You may be an administrator in VMware, Windows, Linux or even network. Do you think that you always get to hear something only from your area of expertise ? definitely not...The basics should be strong enough for you to understand technologies in the course of design or engineering discussions.


We all know about MAC address, it doesn't need any special introduction. MAC is an unique identifier of a Network Adapter. Network is one of the communication channel of the server. For attaching storage, we may use the same network if the storage is iSCSI based. If the traffic uses FC, we may need something called as an HBA (Host Bus Adapter) card in our server. HBA card is similar to a NIC, but only understands FC protocol.

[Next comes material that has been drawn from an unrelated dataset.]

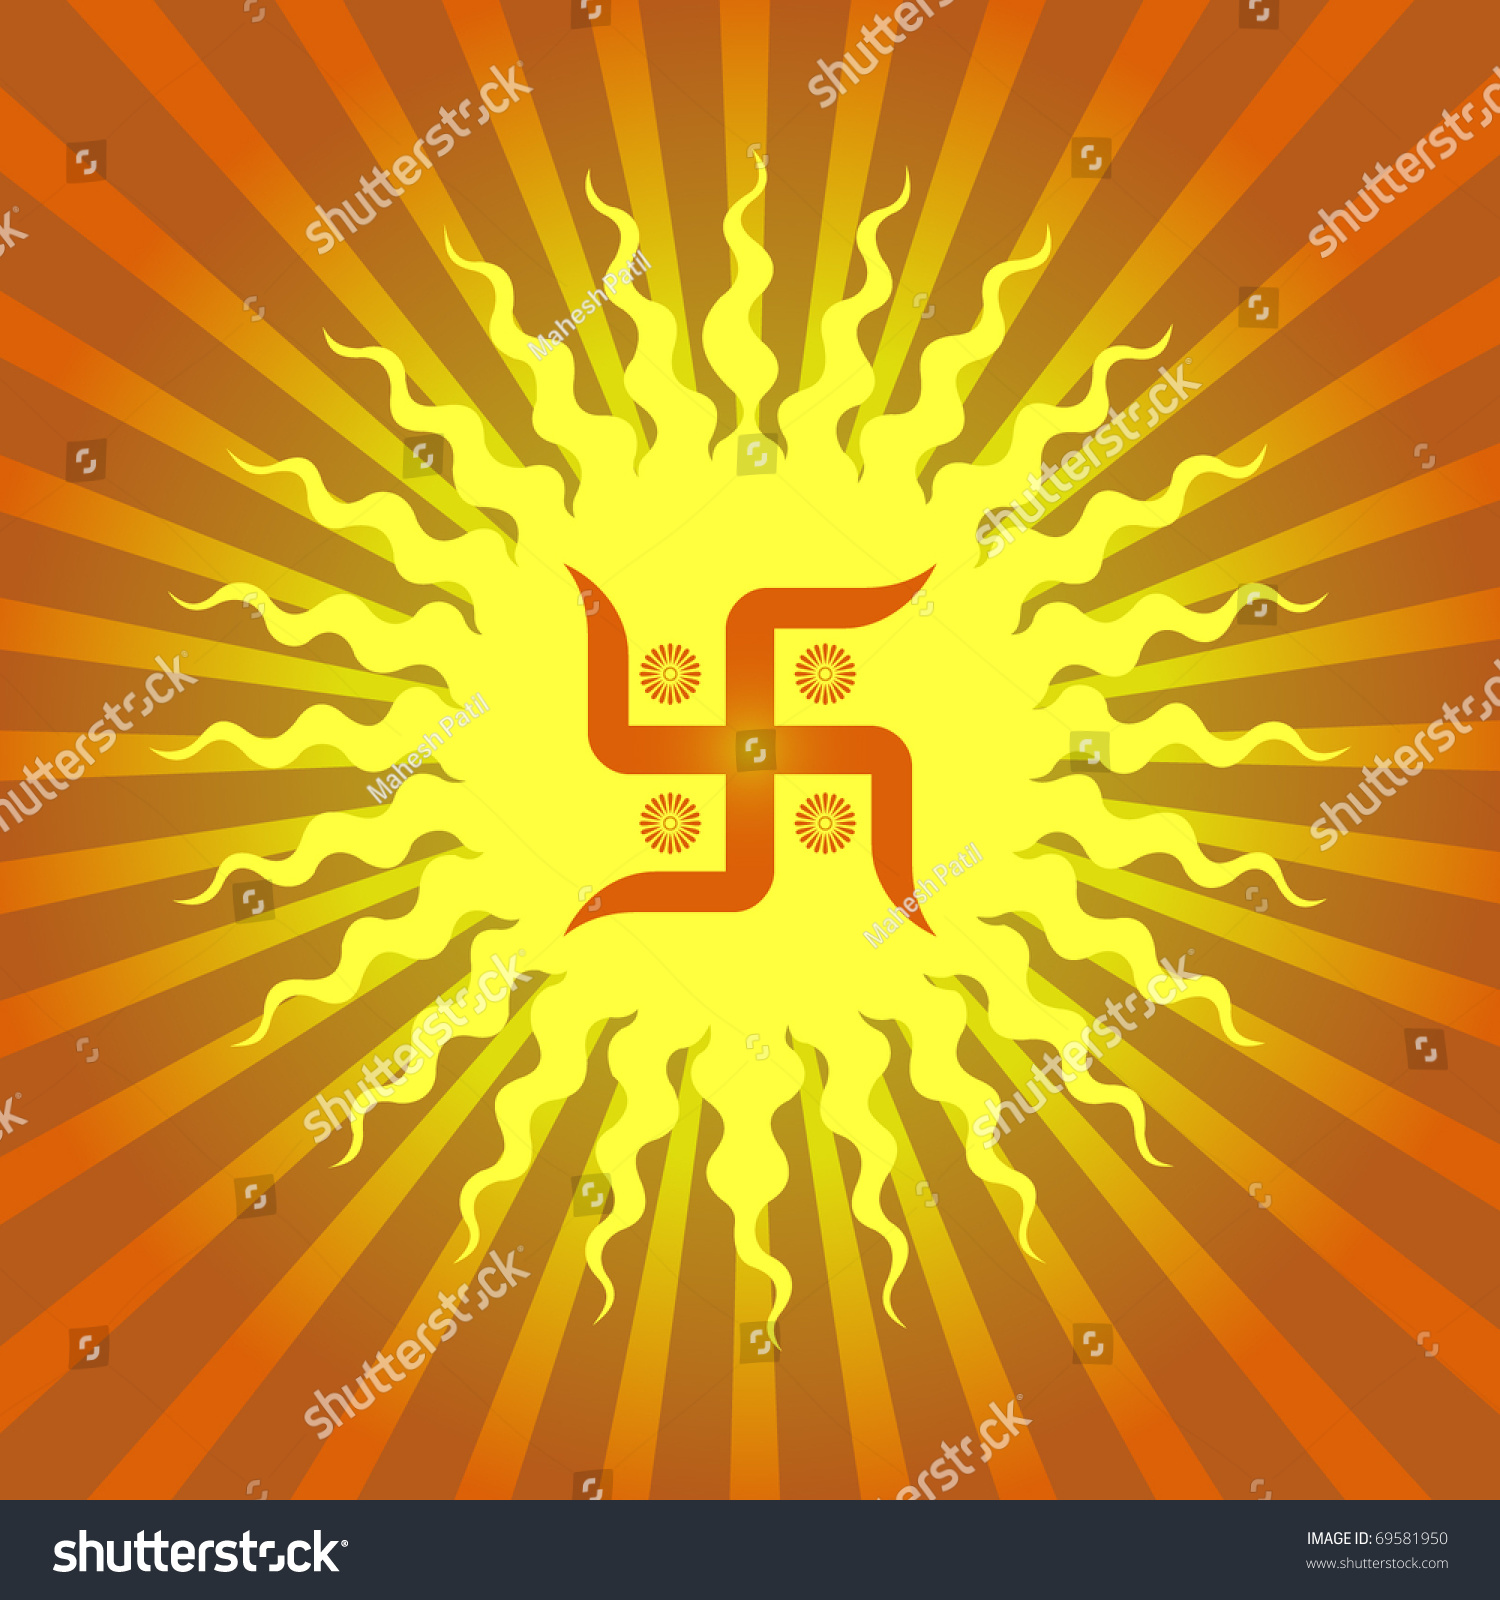 Swastika On Sun Burst Background Stock Vector Illustration 69581950 ...

WWN (World Wide Name) is a generic term which refers to a unique identifier of a FC device. FC device can be a HBA card or a SAN switch. If you are wondering what is a SAN switch, it is similar to an ethernet Switch, but connects FC devices as end nodes.

WWN are of two types:

World Wide Node Name - WWNN
World Wide Port Name   - WWPN

There will be only one WWNN for an FC device but there can be multiple WWPN !!! The number of WWPN depends on the number of ports in the FC device. If there are 'n' number of ports there will be 'n' WWPN for the device.

For eg: in a dual port HBA card, there will be 1 WWNN and 2 WWPN. For a fabric switch with 48 ports there will be 1 WWNN and 48 WWPN.